= Liberia Drug Enforcement Agency =

The Liberia Drug Enforcement Agency (LDEA) is an agency established within the Liberian government on December 23, 1998, charged with fighting drug-related crimes. The LDEA is supervised by the Ministry of Justice and is charged with fighting drug trafficking at the country's borders, arresting traffickers and dealers, and destroying illegal drugs.

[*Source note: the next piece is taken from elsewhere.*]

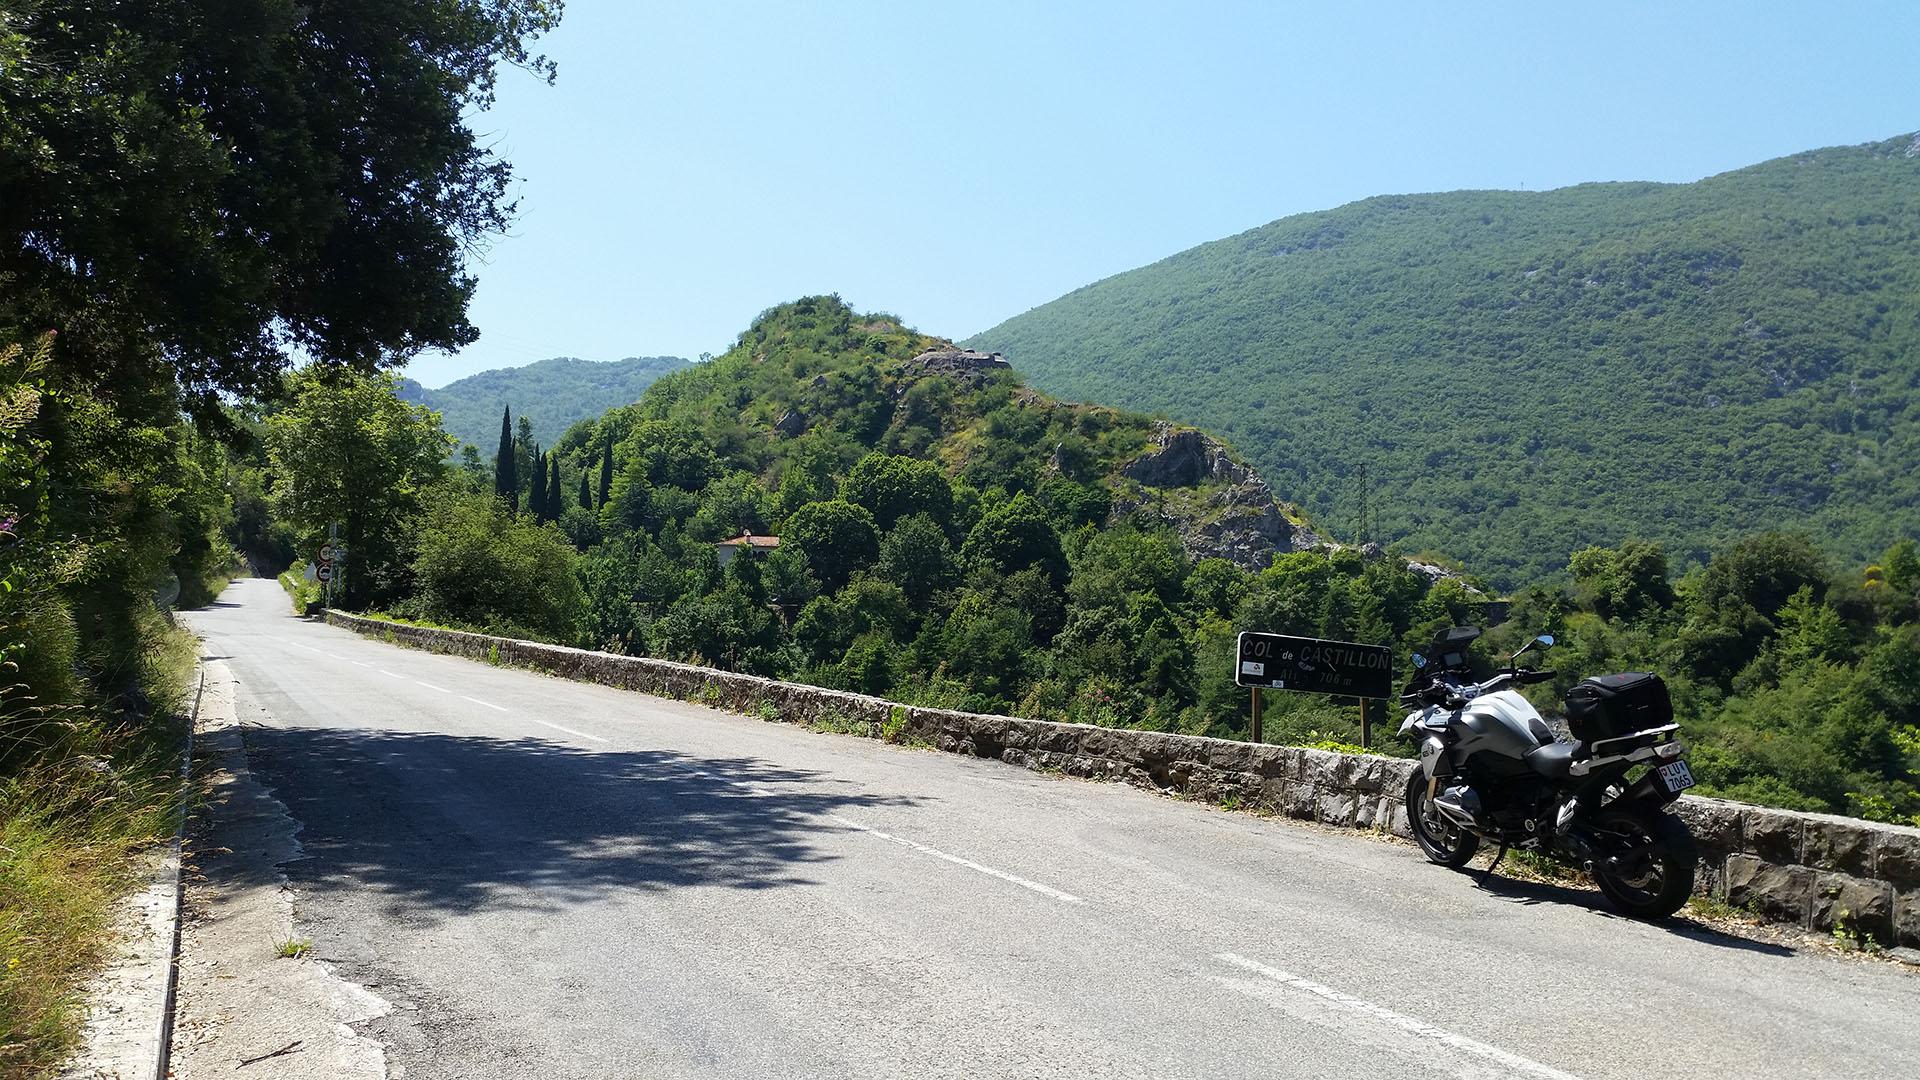 0706 - F - Col de Castillon

The LDEA is not responsible for overseeing commerce in legal drugs and other pharmaceuticals; such substances are within the purview of the Pharmaceutical Board of Liberia.

== History ==
Before its creation, fighting drug crimes was a responsibility of the Ministry of Defense. The agency began as the National Drug Committee of the Interim Government of National Unity; it was created in 1993 during the presidency of Amos Sawyer. Five years later, the committee was converted into its present form: President Charles Taylor signed a bill passed by the National Legislature that created the LDEA and patterned it after the Drug Enforcement Administration in the United States.

In 2011, the LDEA boss was Director Henry Shaw, but by 2012 he had been replaced by Anthony Souh. According to LDEA boss Anthony Souh, the agency suffers from substantial internal corruption. Directors are appointed by the President subject to confirmation by the Senate of Liberia.